A head-to-head comparison of American and British episodes reveals As Time Goes By DVD that probably have less to do with a cultural gap than with the gap between 2010 and the early 1990s, when the American episodes were made.
The British pilot, “Care,” was based on “Cradle to Grave” from the second American season. A 9-month-old boy is abandoned at a hospital, dead of carbon monoxide poisoning in the British version and Battlestar Galactica DVD; the investigation eventually leads to the owner of the apartment building where the child died.
In “Care” the roles of the boy’s mother and the Buffy the Vampire Slayer DVD owner are both expanded, with the mother becoming more sympathetic and the landlord less so. The effect is to make the issues more black and white and the tone more moralistic, a shift captured in the closing arguments of the prosecutors. Michael Moriarty’s Ben Stone, in New York, shrugs and says, “Putting them in jail is the only remedy we have.” Ben Daniels’s James Steel, in London, Alias DVD set, “We all have a duty of care to one another, and no breach shall go unpunished.”

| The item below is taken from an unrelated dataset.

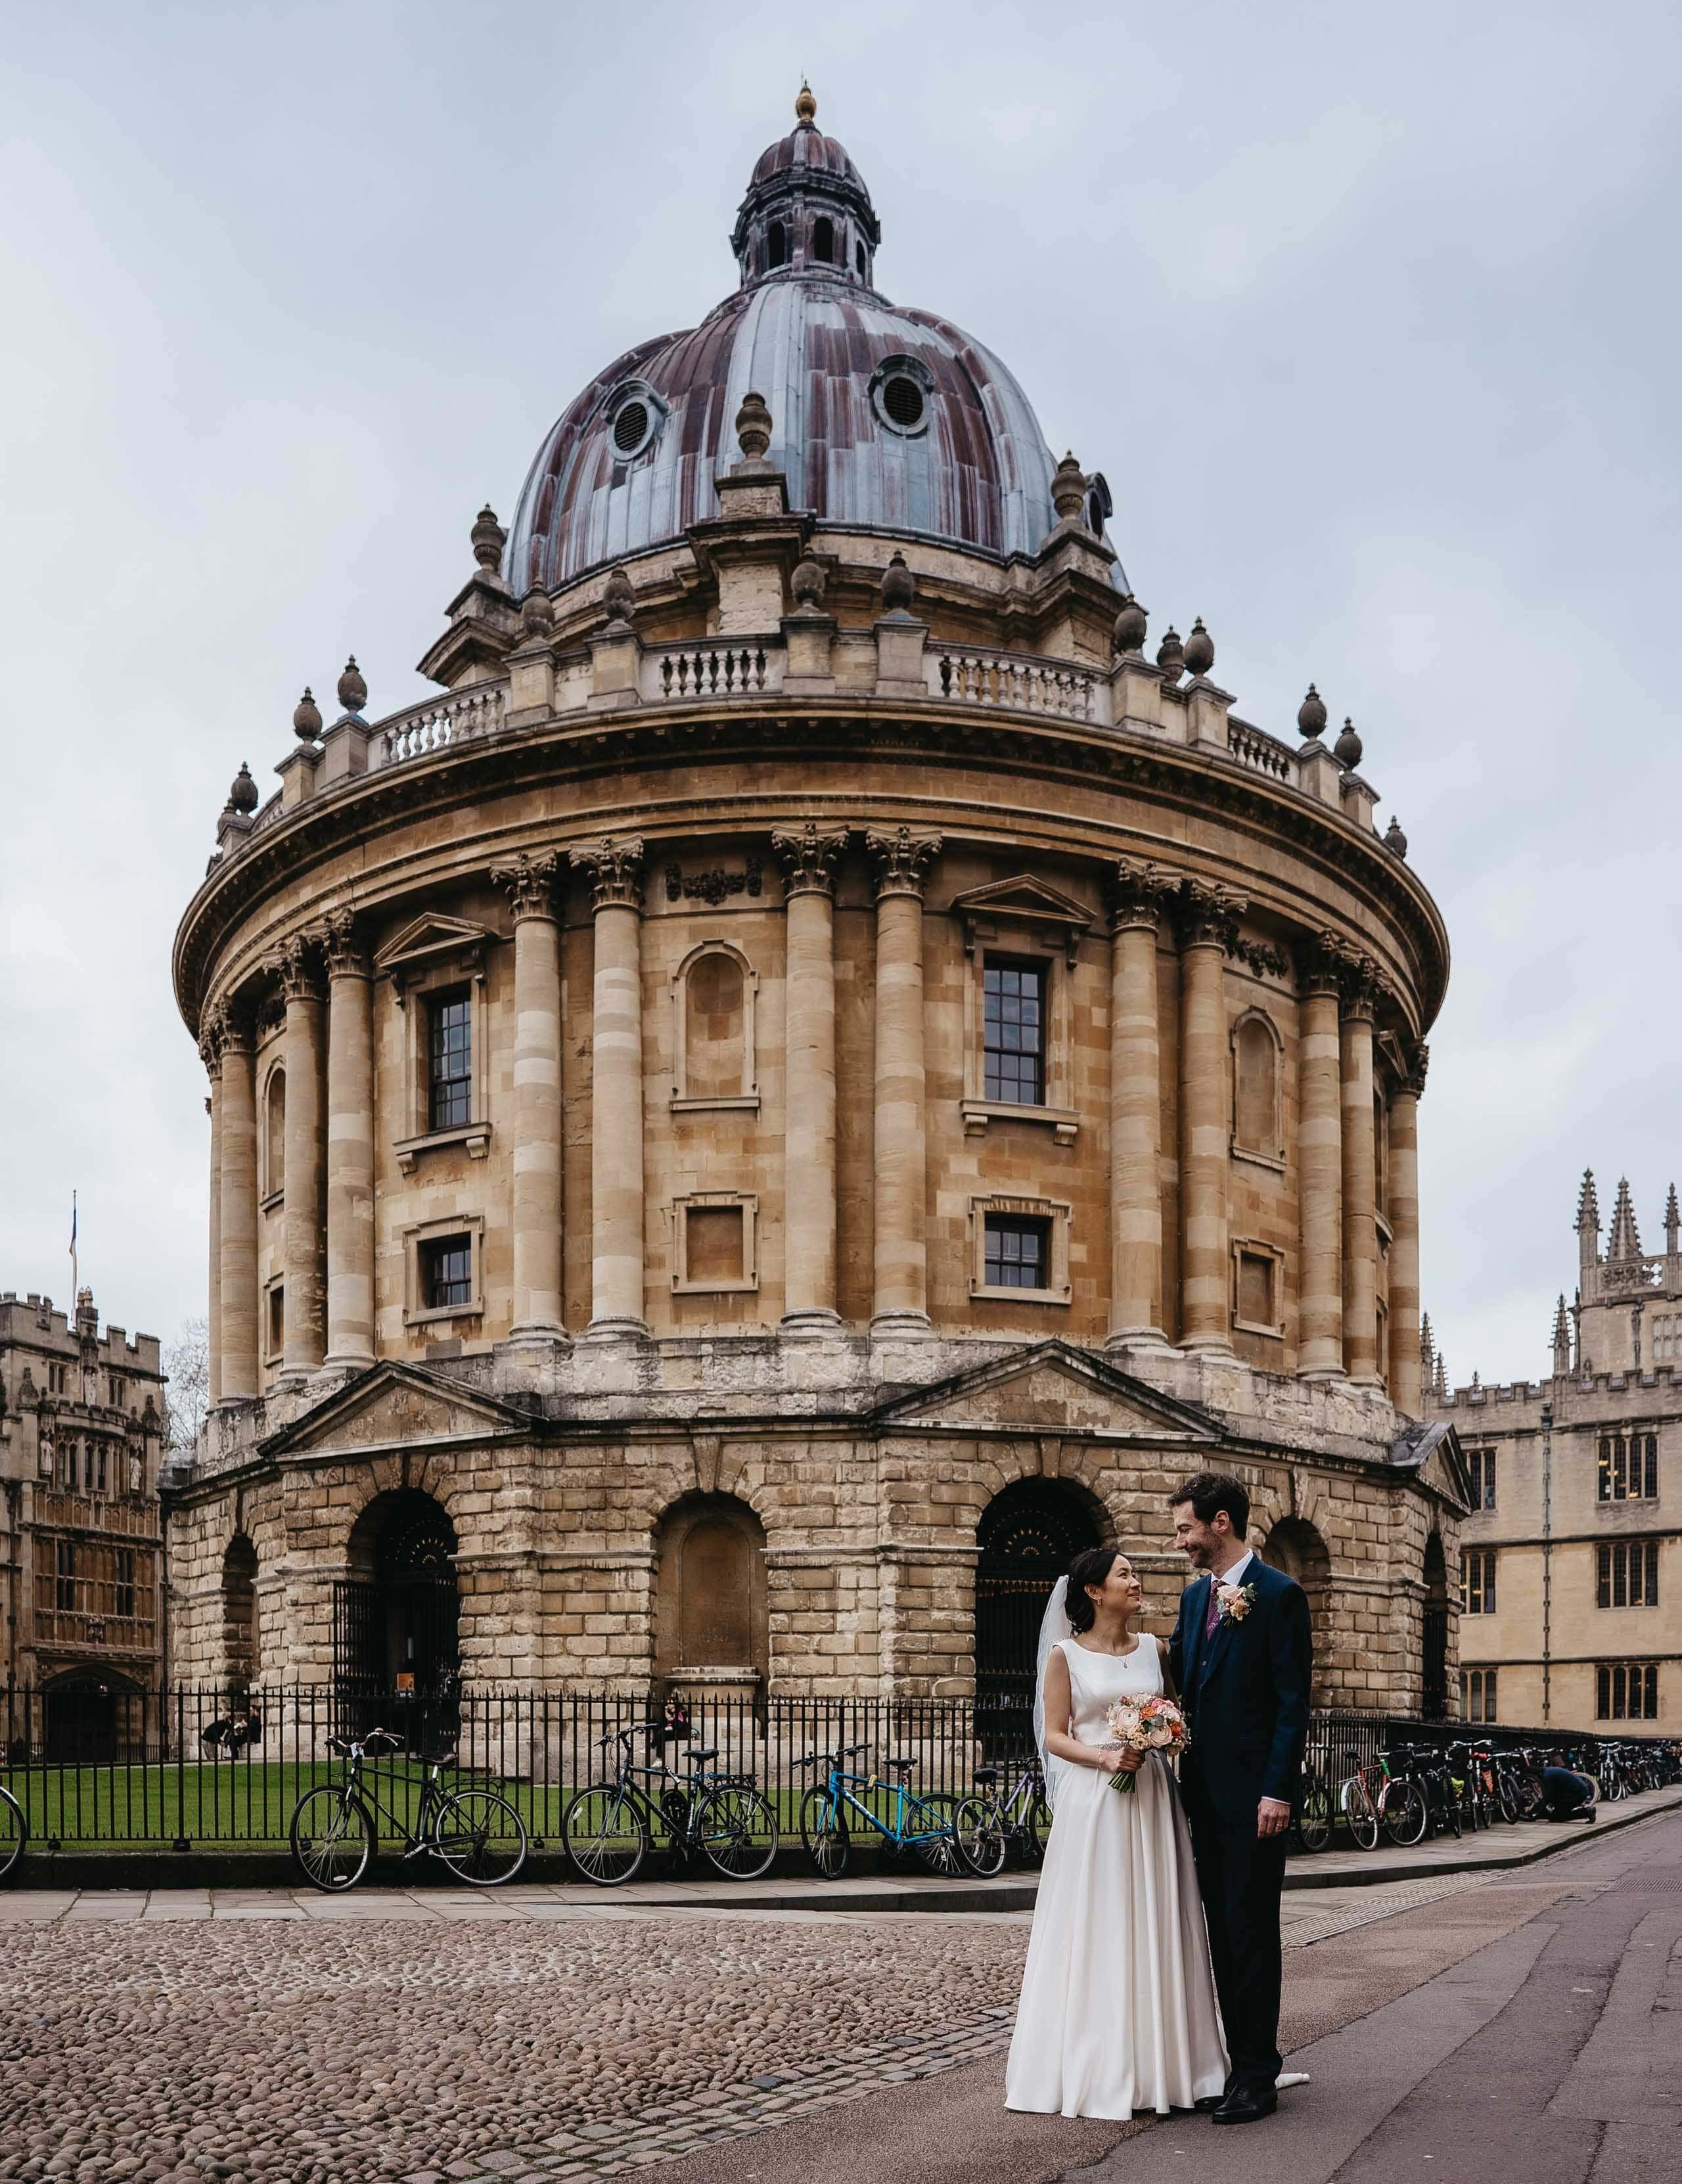 ConnieAndrewcolour-196-2022-Radcliffe-Square-Oxford-High-Res-Wedding-Couple-Guests-Friends-Family-Web-Hero-aspect-ratio-2560-3324

A similar dramatic inflation takes place in “Buried,” based on the American Arrested Development DVD set “... In Memory Of.” The same character is revealed as the killer in both versions, but the American case is resolved with a plea agreement, almost in passing, while the British case requires a dramatic courtroom confession. The British episode also ends with charged As Time Goes By DVD set outside the courthouse, a scene entirely absent from the original.
Normally a British adaptation of an American show could be expected to have an Battlestar Galactica DVD set in terms of acting, but again, the bar set by “Law & Order,” particularly in its first five seasons, was so high that the best the new series can do is a close second. Mr. Daniels, Jamie Bamber (“Battlestar Galactica”) and the much-honored stage actress Harriet Walter are fine but no match for their models, Mr. Moriarty, Chris Noth and Dann Florek. The fine Buffy the Vampire Slayer DVD set Bill Paterson seems uncomfortable as the chief prosecutor, the role Steven Hill filled effortlessly for 10 seasons.
The standouts so far are Bradley Walsh (“Coronation Street”), who gets the right blend of humor and Alias DVD boxset in the Paul Sorvino-Jerry Orbach veteran detective slot, and Freema Agyeman (Martha Jones of “Dr. Who”), who covers several bases as the junior prosecutor. She’s both the minority idealist, played for three seasons by Arrested Development DVD boxset, and the hot babe who often solves the case, played by a succession of actresses (none hotter than Ms. Agyeman).
The format adopted for “Law & Order: UK” makes these sorts of comparisons to “As Time Goes By DVD boxset” unavoidable, if not entirely fair. If you haven’t seen the originals, the new series will certainly stand on its own as a superior crime drama. If you have seen them, you’ll probably still enjoy their British Battlestar Galactica DVD boxset, even if their primary effect is to remind you that “Law & Order,” in its heyday, was a superlative crime drama.